Aku belum tidur sama sekali dari kemarin karena hari ini (jam 5 sore tepatnya) harus bertemu dengan dosen pembimbing. Sampai detik ini aku sudah menghabiskan empat gelas kopi dengan kadar kafein tinggi tanpa ada sedikitpun karbohidrat (atau sesuatu yang bisa mengeyangkan perut) yang masuk ke pencernaan. Tapi aku baik-baik saja. Setidaknya untuk saat ini. Setiap kali mengantuk, aku akan menuruni tangga dengan cepat dan menaikinya lagi berkali-kali sampai mataku kembali terbuka. Aku bahkan sudah mencuci muka dengan sabun lebih dari sepuluh kali. Ini pertama kalinya aku merasa sangat serius memperjuangkan hidup. Jadi jangan tanyakan bagaimana keseharianku selama ini.
Aku datang ke kampus dengan amunisi penuh bersama dengan Johan yang katanya punya urusan dengan salah satu dosen di jurusan kami. Semoga hari ini adalah hari yang sangat ajaib, dimana dosenku sedang sangat sibuk sampai tidak punya waktu untuk memeriksa seluruh revisi dan langsung menandatanganinya.
Kami mengobrol panjang lebar sambil menunggu dosen kami selesai mengajar. Tiga puluh menit berlalu. Dosen pembimbingku terlihat menuruni tangga menuju kantor bagian pengajaran sambil membawa map dan kunci mobil yang menggantung di jemarinya. Sontak aku langsung berlari menghampiri. Aku bahkan tak berlatih bagaimana menjelaskan hasil revisiku atau menarik napas panjang sebelum menampakkan diri seperti kemarin-kemarin. Otakku berpikir bahwa ini keadaan darurat, yang bila telat semenit saja, maka nasib sidang bulan ini bakal jadi taruhannya.

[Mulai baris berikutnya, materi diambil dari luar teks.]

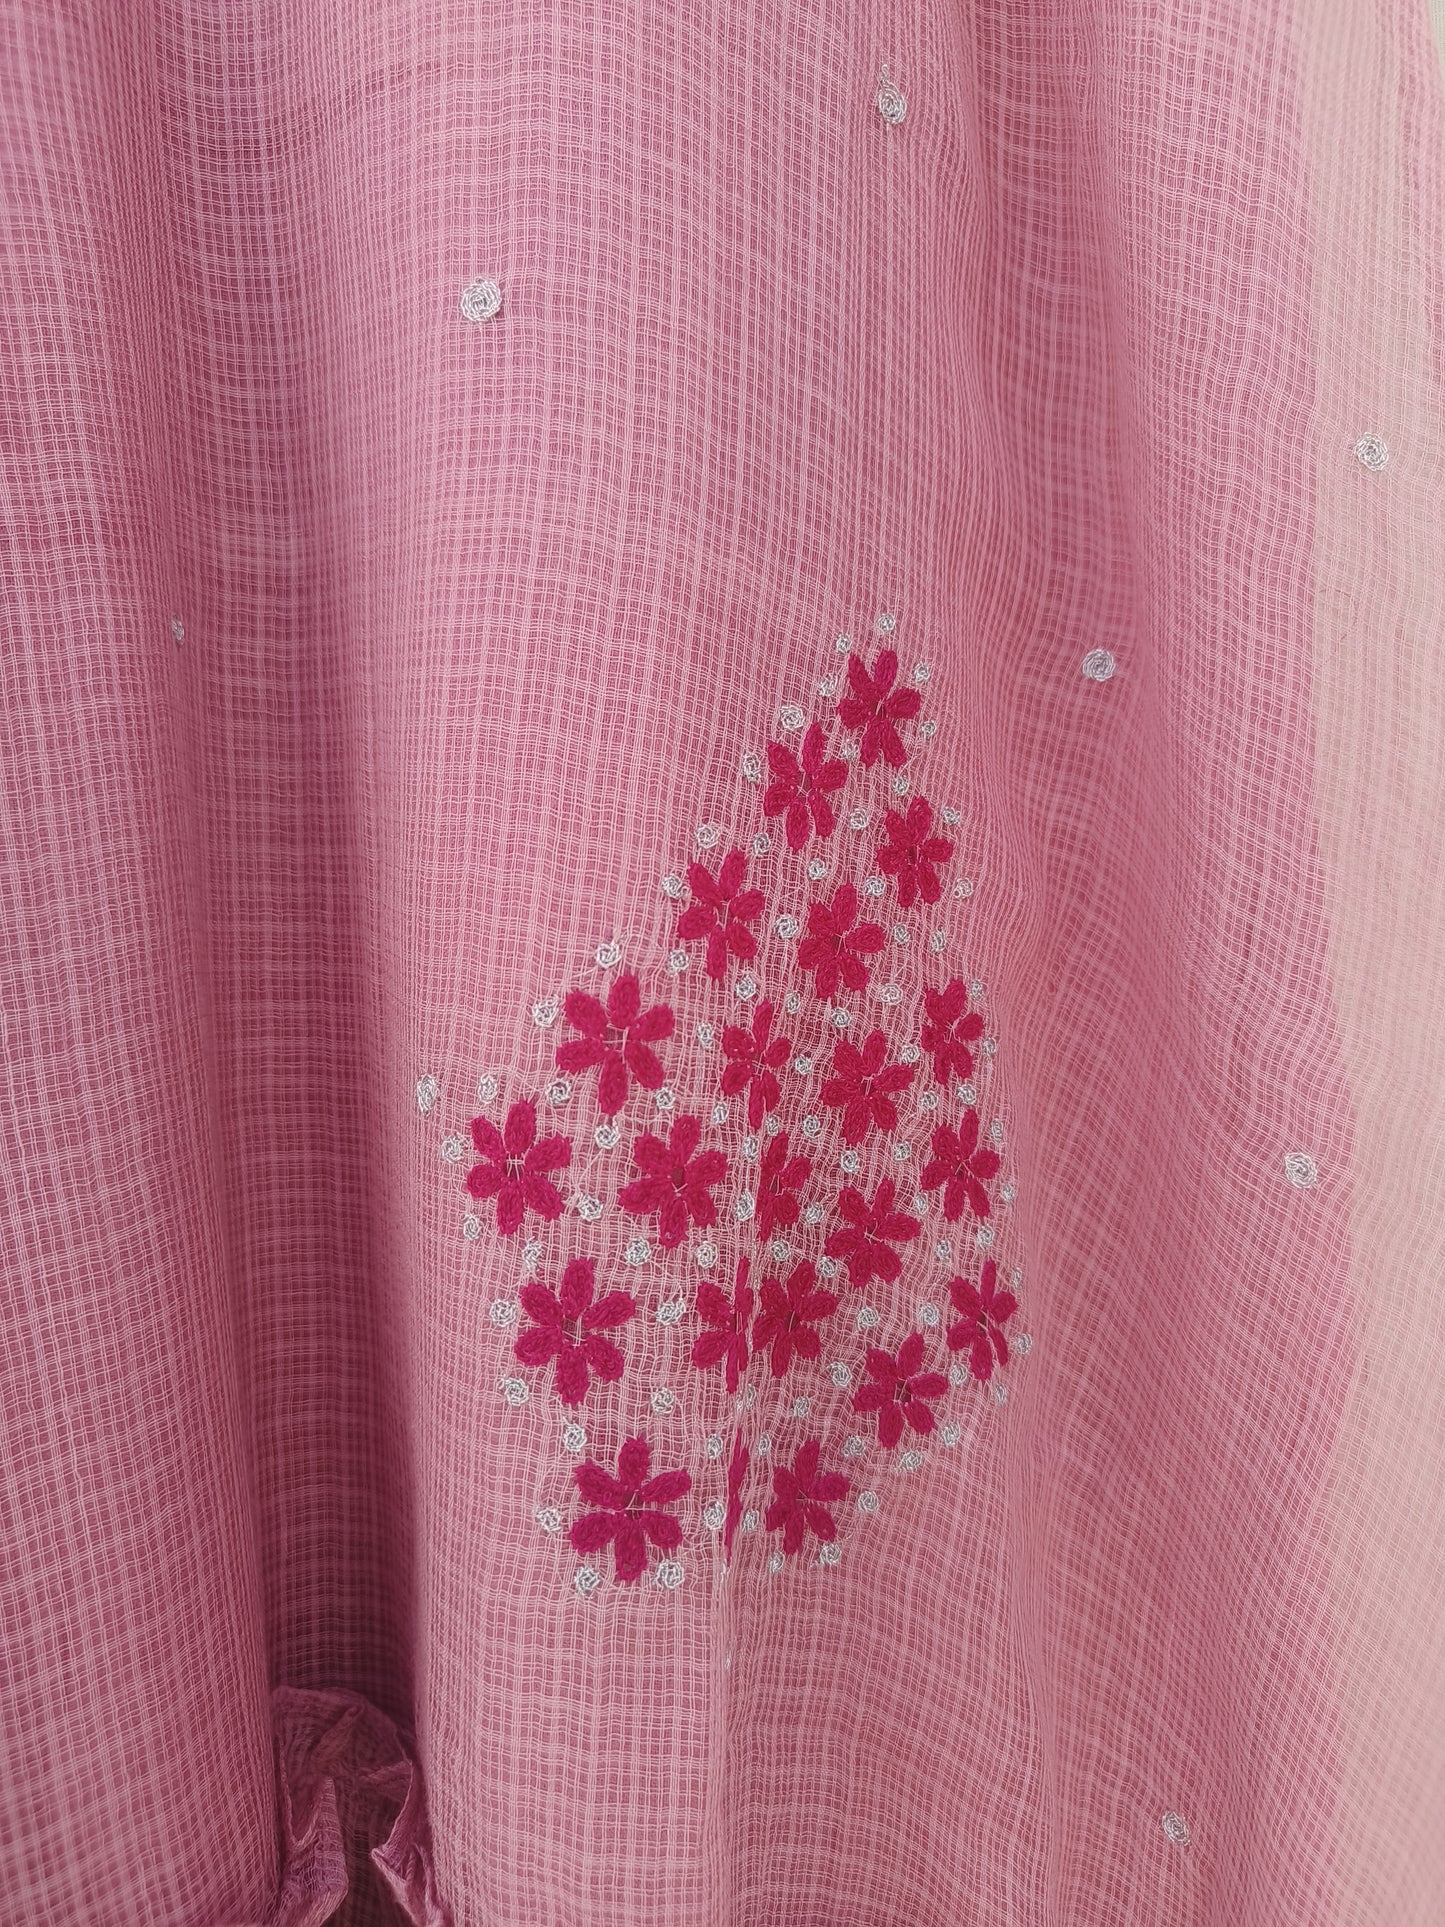 Sorbet Tiered Slip dress w/ Embroidery

Dosenku terlihat agak kaget melihatku berlari. Beliau kemudian memintaku menunggu di kursi dekat ruang audiovisual sementara beliau mengembalikan map absen. Aku sempat mencari-cari kemana hilangnya kegugupanku tadi. Tapi sepertinya itu sudah menguap karena radiasi matahari yang aku pikir meningkat lima kali lipat di tempat ini.
"Coba jelaskan kepada saya, apa yang saya minta untuk direvisi kemarin." pinta beliau beberapa saat kemudian.
Aku menjelaskan apa yang telah aku revisi. Mulai dari awal pemrosesan data sampai hasil akhirnya. Mulutku sampai berbusa karena bicara dengan kecepatan super. Aku tak ingin membuang waktu dosenku yang sangat berharga.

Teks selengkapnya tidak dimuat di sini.